El Ejecutivo de Sánchez se luce como el de mayor tamaño tras la dictadura franquista. Nunca hubo desde entonces tantos vicepresidentes ni carteras ni secretarías de Estado. Desconozco exactamente el número exacto de personas que “viven” de la política en España, así como el número de asesores que conforman la guardia pretoriana de los diferentes partidos. Parece que son más de cien millones de euros, sin contar País Vasco y Navarra, lo que supone el mantenimiento de los miles de políticos en nuestro país.

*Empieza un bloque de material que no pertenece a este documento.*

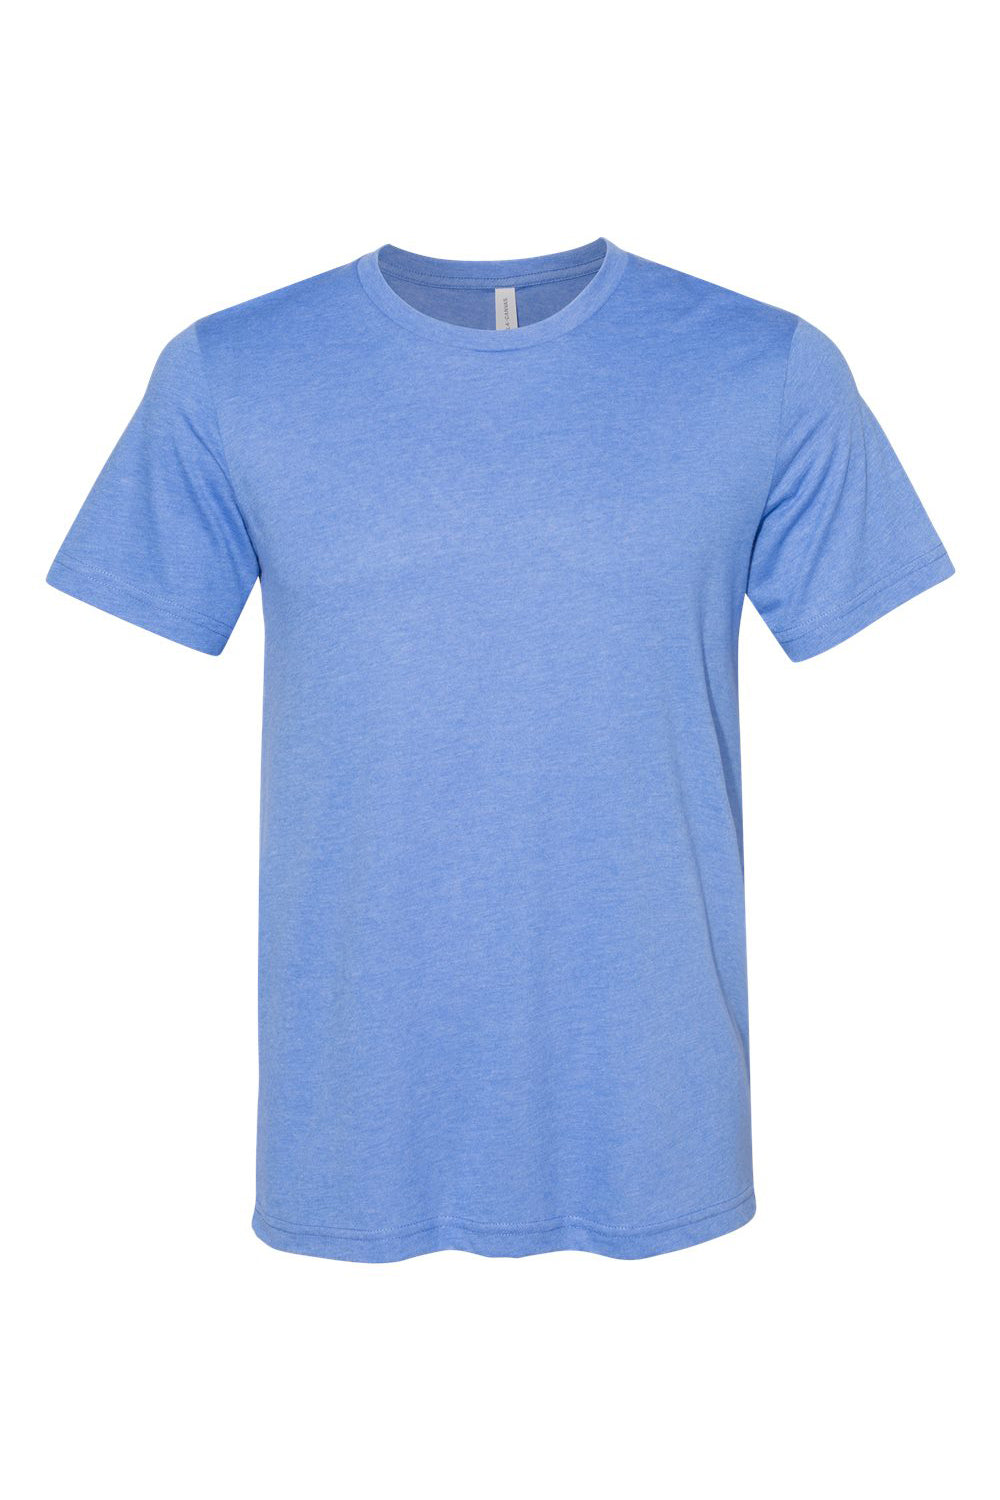 Bella + Canvas BC3301/3301C/3301 Mens Jersey Short Sleeve Crewneck T-Shirt Heather Columbia Blue Flat Front
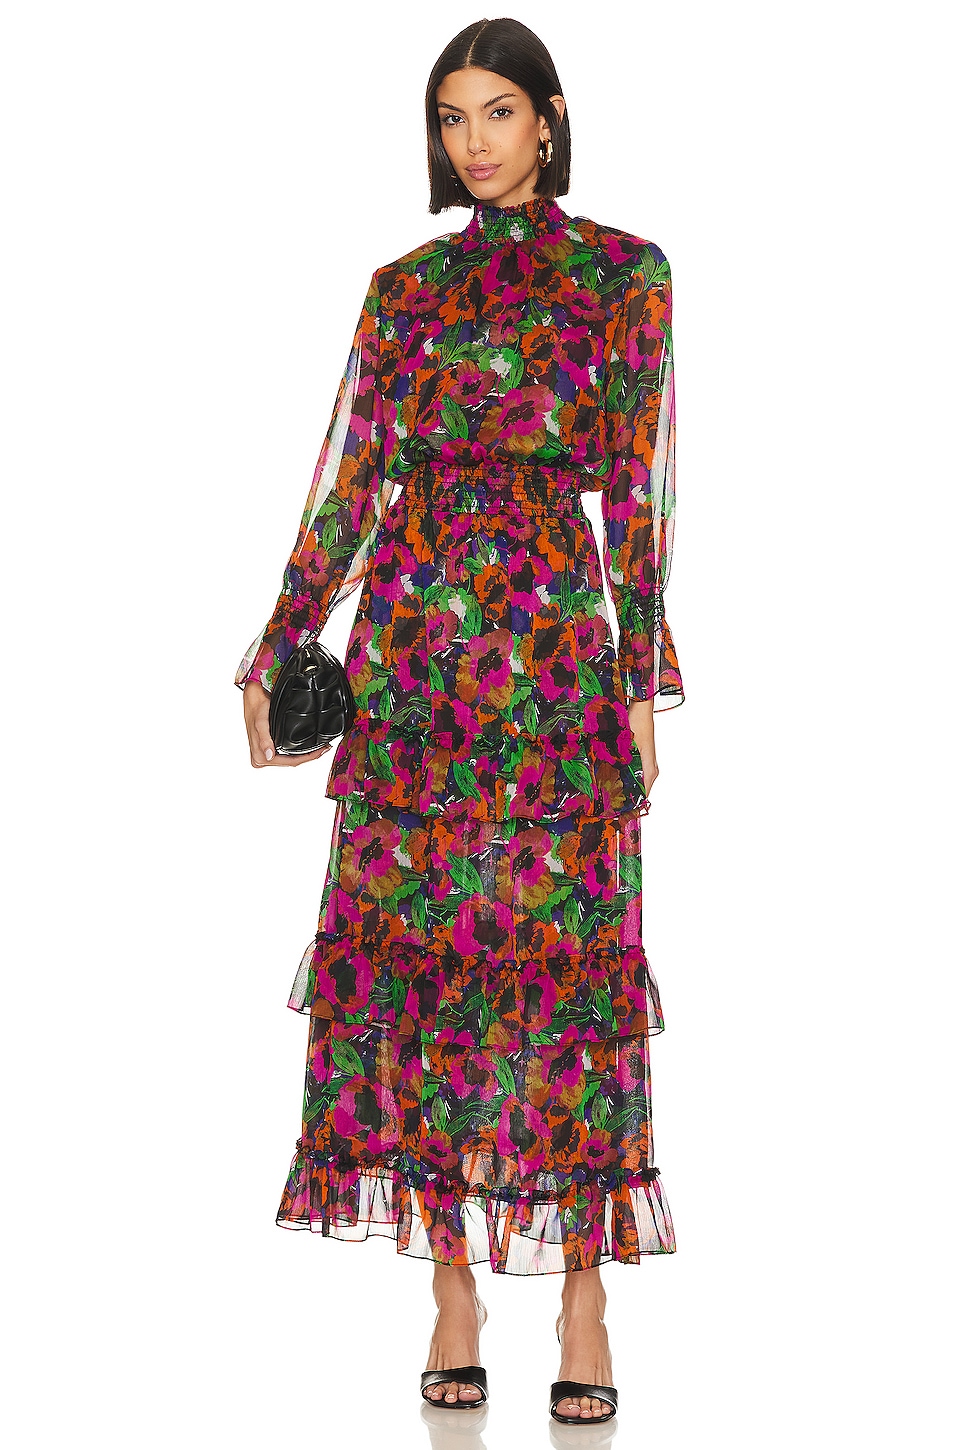 MISA Los Angeles Bethany Dress in Jewel Tone Flora | REVOLVE

Sin embargo, y siendo relevante tanto el número de políticos y asesores, como el gasto que suponen para el Estado, la cuestión principal es comprender para qué están. ¿A quién sirven? La elección del cargo de asesor político depende exclusivamente del partido y de quien lo dirige, de modo que el elegido sirve al partido y a quien lo representa. Esta politización de altos cargos conforma unas redes clientelares que son muy eficaces para mantener la espiral de corrupción y mediocridad existente que caracteriza la política actual.

Este desprestigio aleja el talento y la dedocracia atrae la chusma de arribistas. La política tiene la habilidad de no servir para nada, salvo para los intereses de cada partido, a diferencia de cualquier otro sector en la vida. Si necesitamos un médico queremos que nos cure, no que sea muy simpático. Si queremos que nuestros hijos tengan una buena enseñanza buscamos un maestro que enseñe, no un tipo ocurrente y divertido que dibuja-pinta-colorea. O si llamamos a un fontanero porque se nos ha estropeado el grifo, queremos que nos lo arregle. Pero en política no, no hace falta, ya tienen un título, aunque no  sea merecido o sirva para algo, ya lo hemos votado y ya tienen sus asesores en comunicación que pintarán de colores lo que es blanco y negro. Aunque no haya liderazgo ni visión de estado, se construye el relato para que los votos sigan cautivos y el poder conseguido se mantenga, así se cumple una y mil veces la sentencia de Lampedusa, todo parece que cambia aunque todo siga igual, o incluso vaya a peor.

Hannah Arendt insiste en el valor de lo público cuando se gobierna, que entiende la libertad como el ejercicio de la norma que obedece al bien público y que debe reclamarse en la acción del ciudadano. Una propuesta para repensar la condición política en la igualdad humana ante la ley, que respeta la profunda singularidad del individuo, en la que “el verdadero poder es siempre consecuencia de una acción conjunta y compartida dentro del espacio y el tiempo en que todos los hombres se sienten a la vez distintos, pero iguales”. Cabe la esperanza de que la sociedad civil consiga salir de su entumecimiento e impotencia para acordar de una vez la rendición de cuentas que toda política exige y se ponga rumbo a la nave.